── Data section

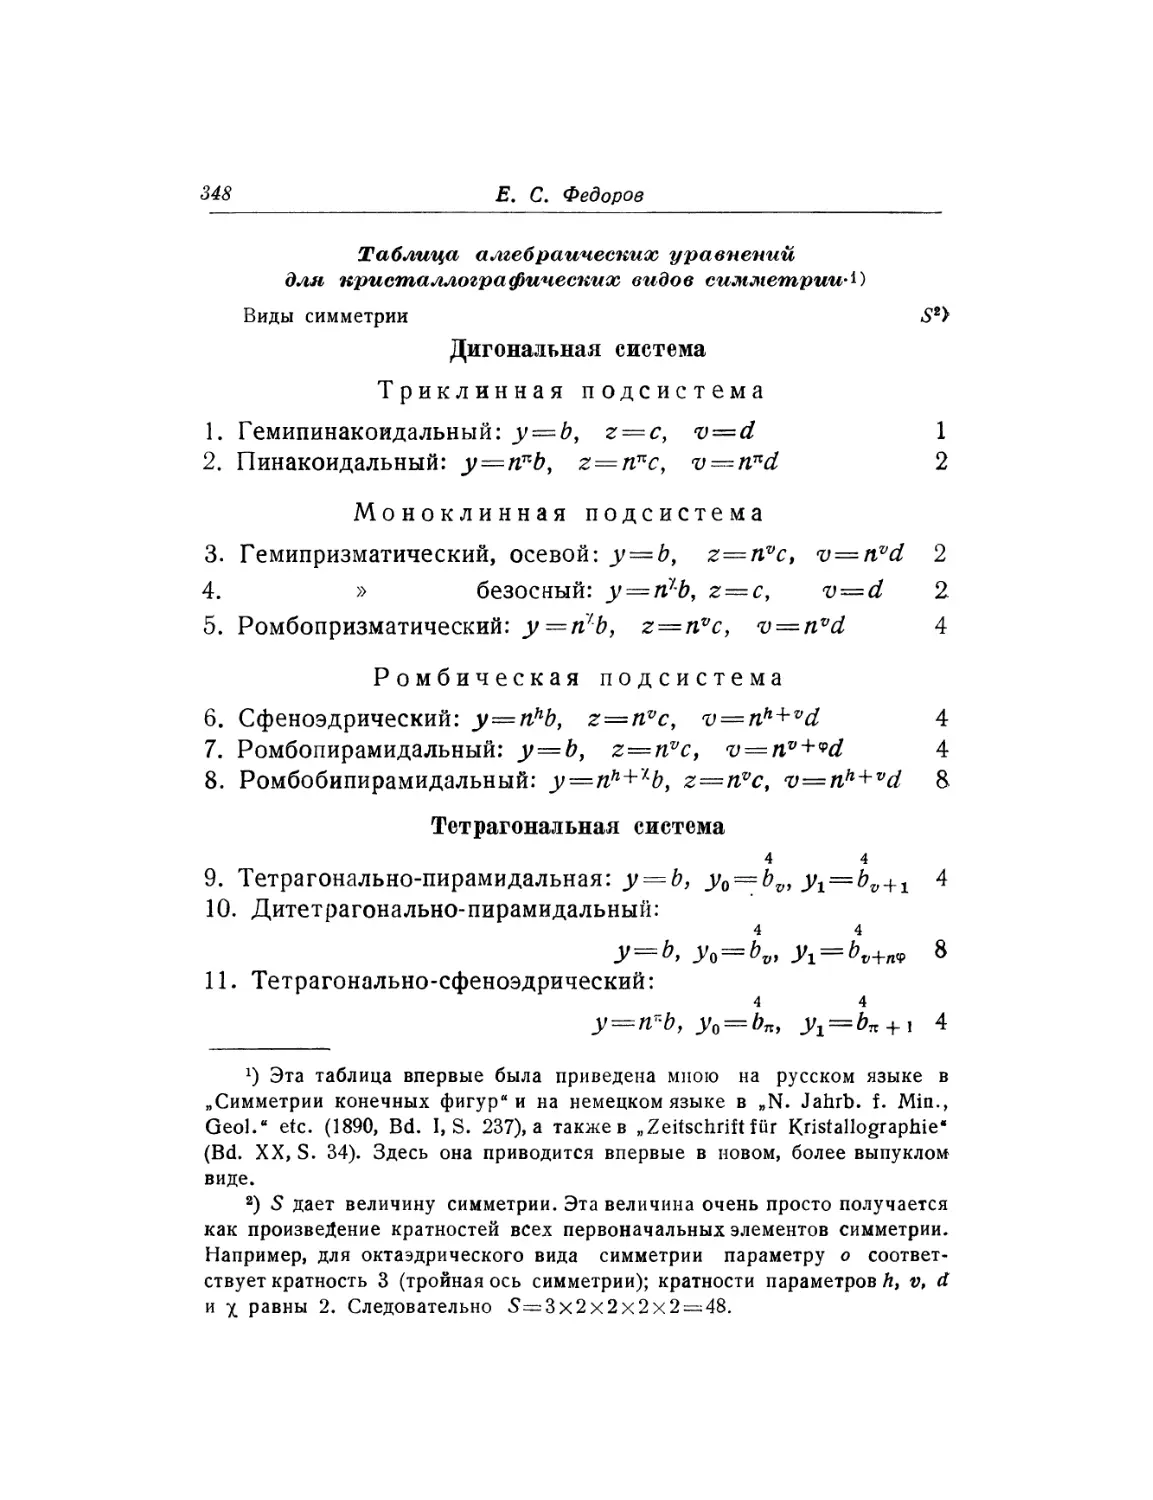 Таблица алгебраических уравнений для кристаллографических видов симметрии
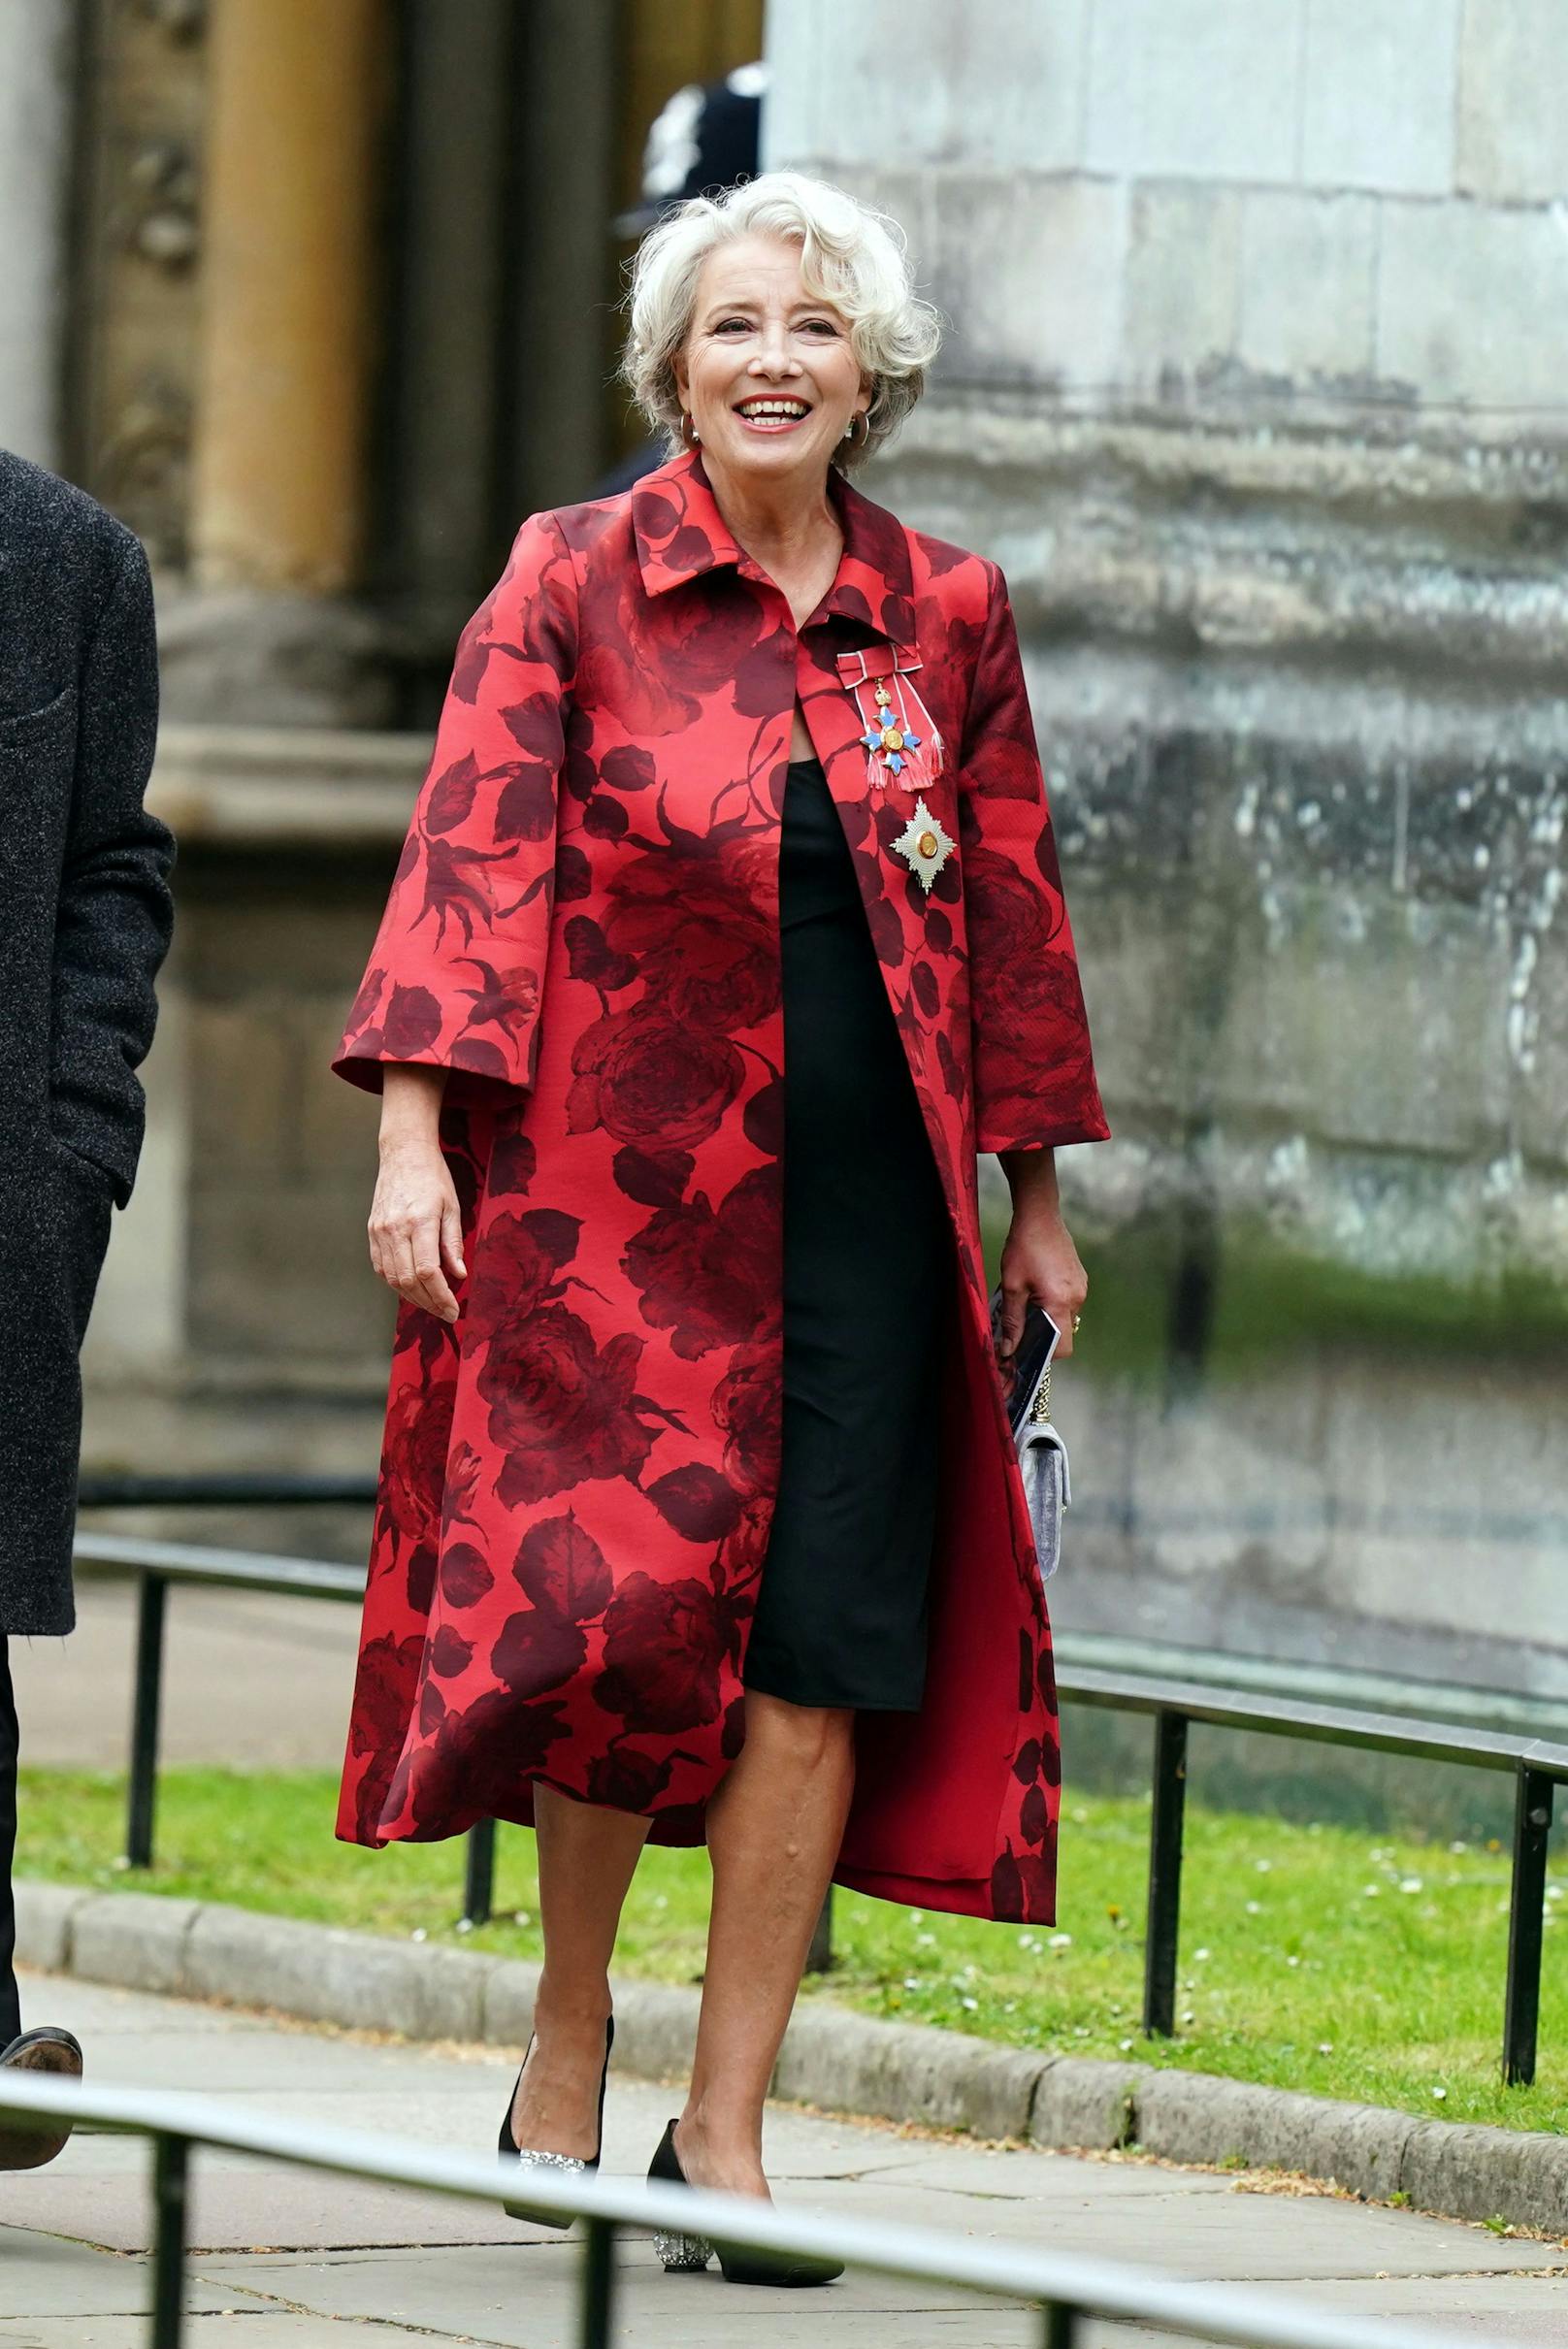 Schauspielerin Dame Emma Thompson wählt für die Krönung ein schwarzes knielanges Kleid. Darüber trug die 64-Jährige einen roten Mantel mit Blumenmuster.
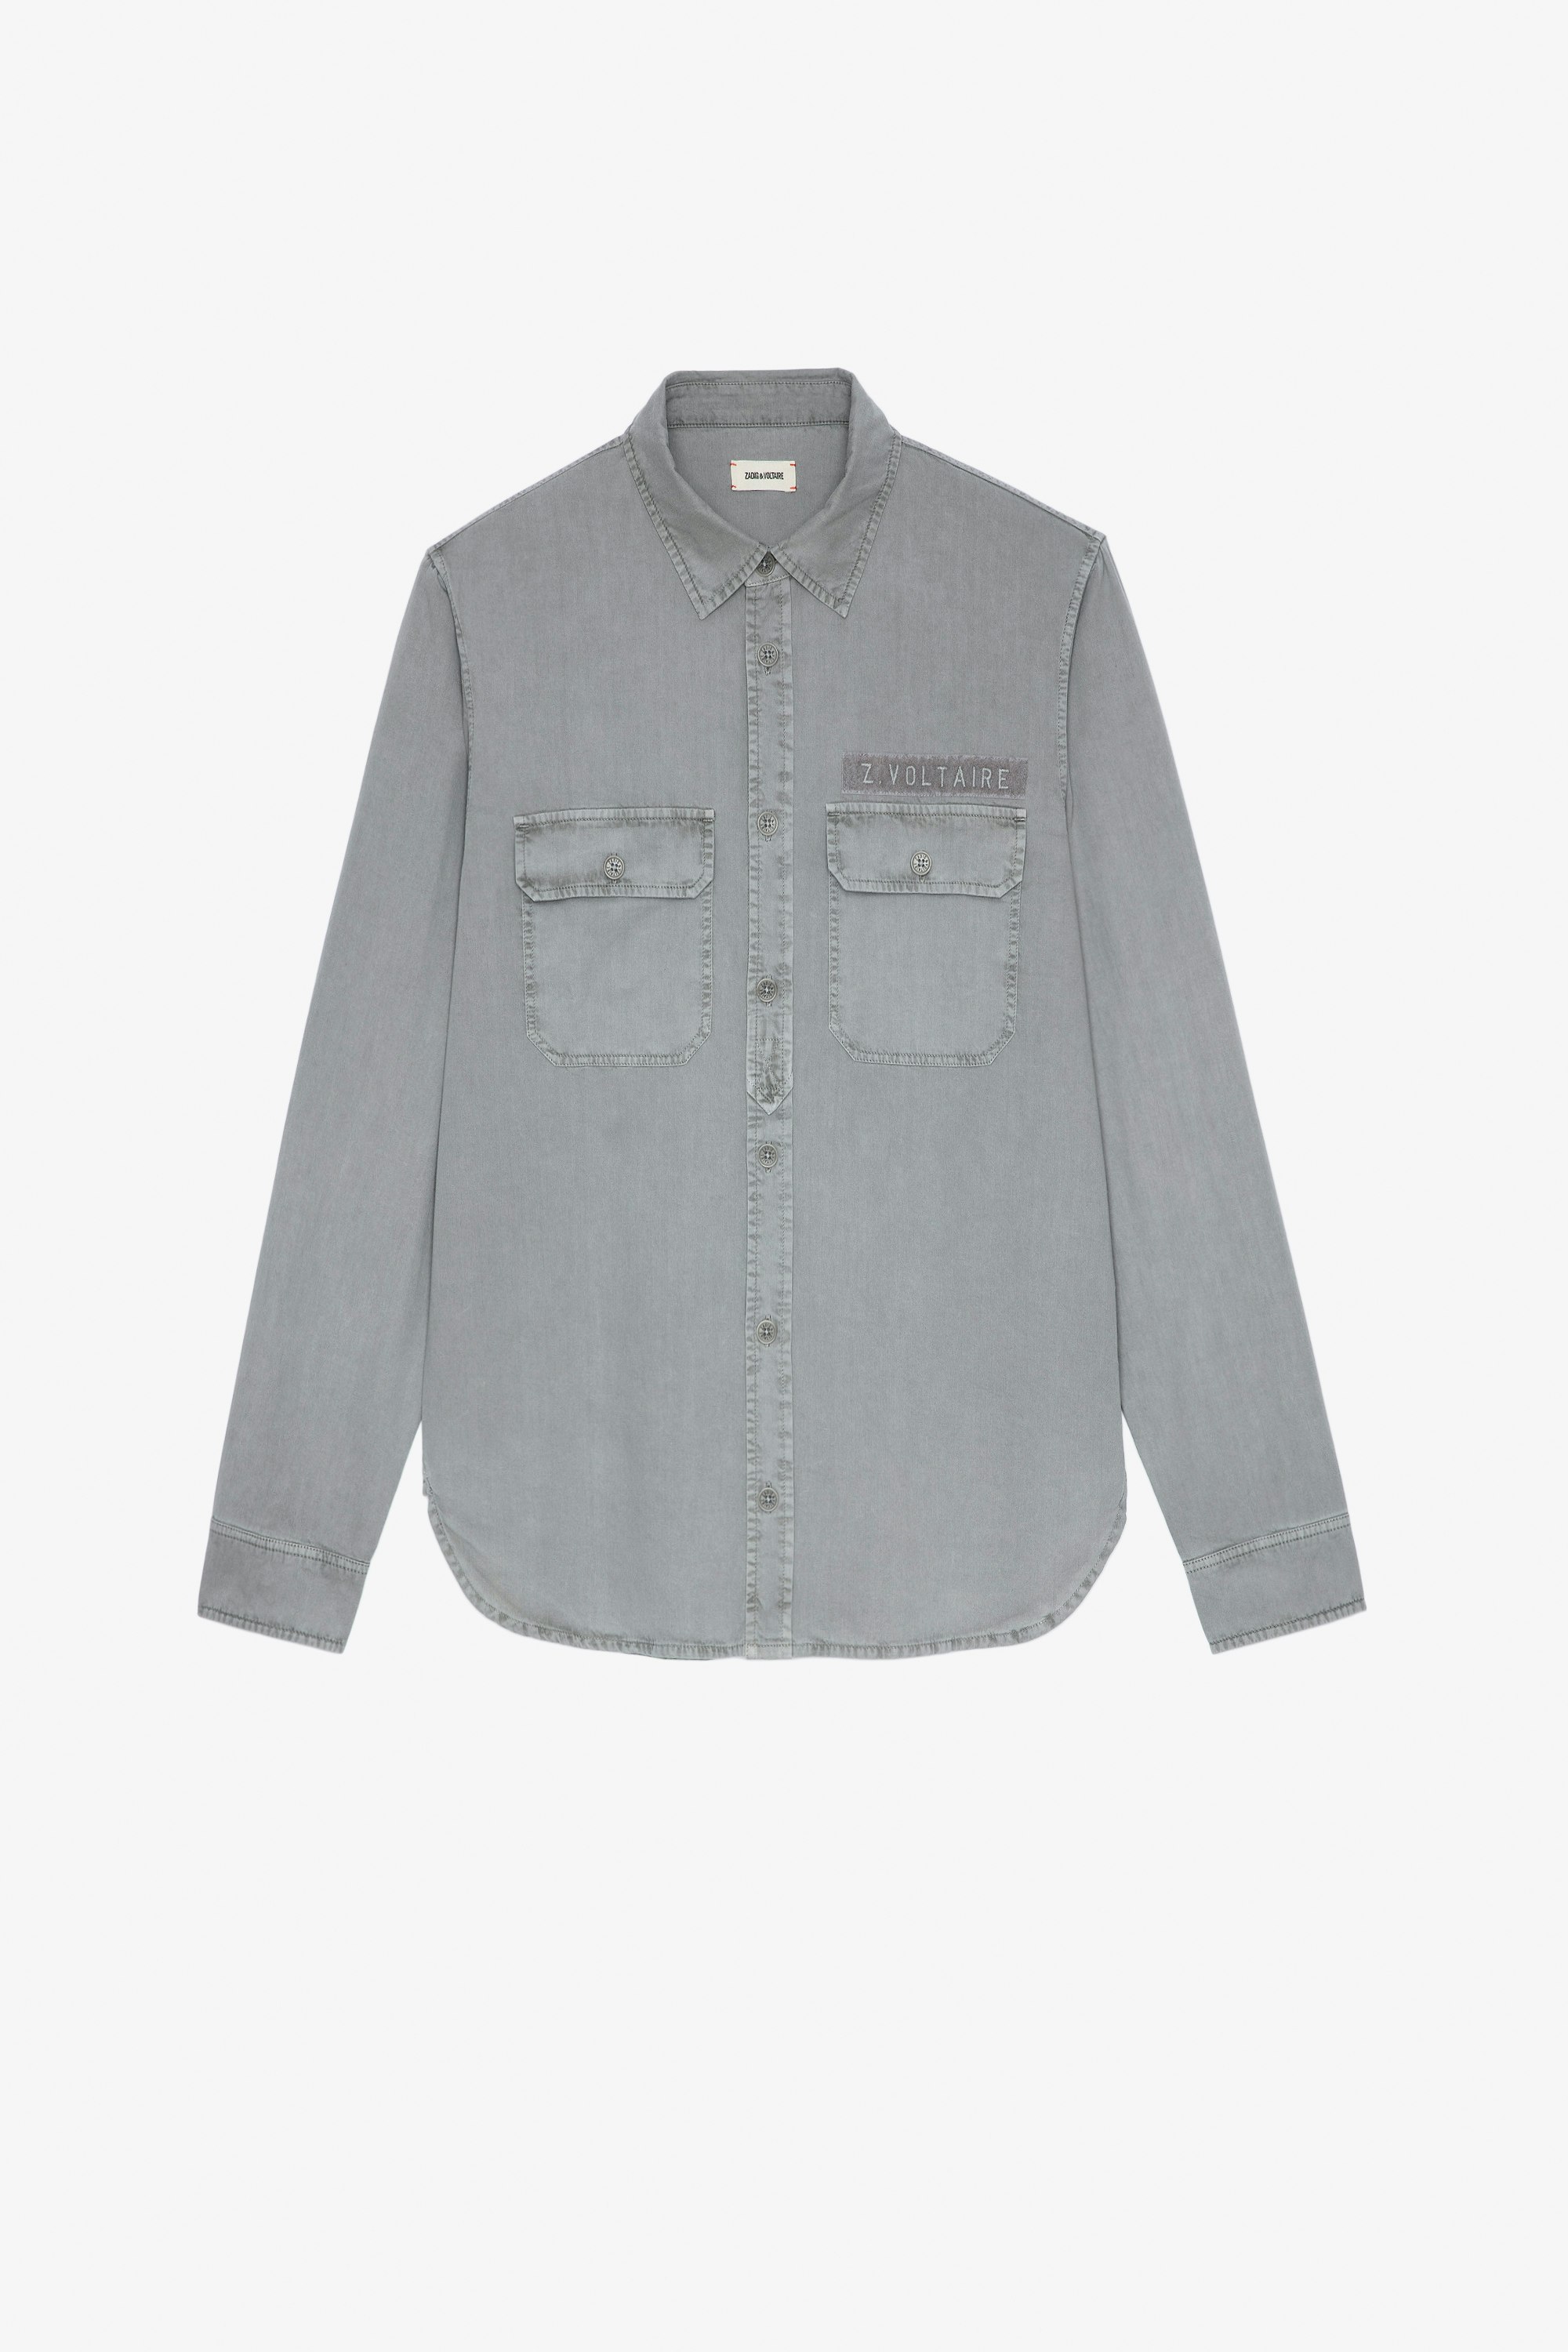 Camisa Serge Tab Camisa militar gris de manga larga de sarga de algodón para hombre

────

Problem description: In your transcription of the listing above, match each line exactly and include no pictures.

Finished task:
 Таблица алгебраических уравнений для кристаллографических видов симметрии
 Schauspielerin Dame Emma Thompson wählt für die Krönung ein schwarzes knielanges Kleid. Darüber trug die 64-Jährige einen roten Mantel mit Blumenmuster.
 Camisa Serge Tab Camisa militar gris de manga larga de sarga de algodón para hombre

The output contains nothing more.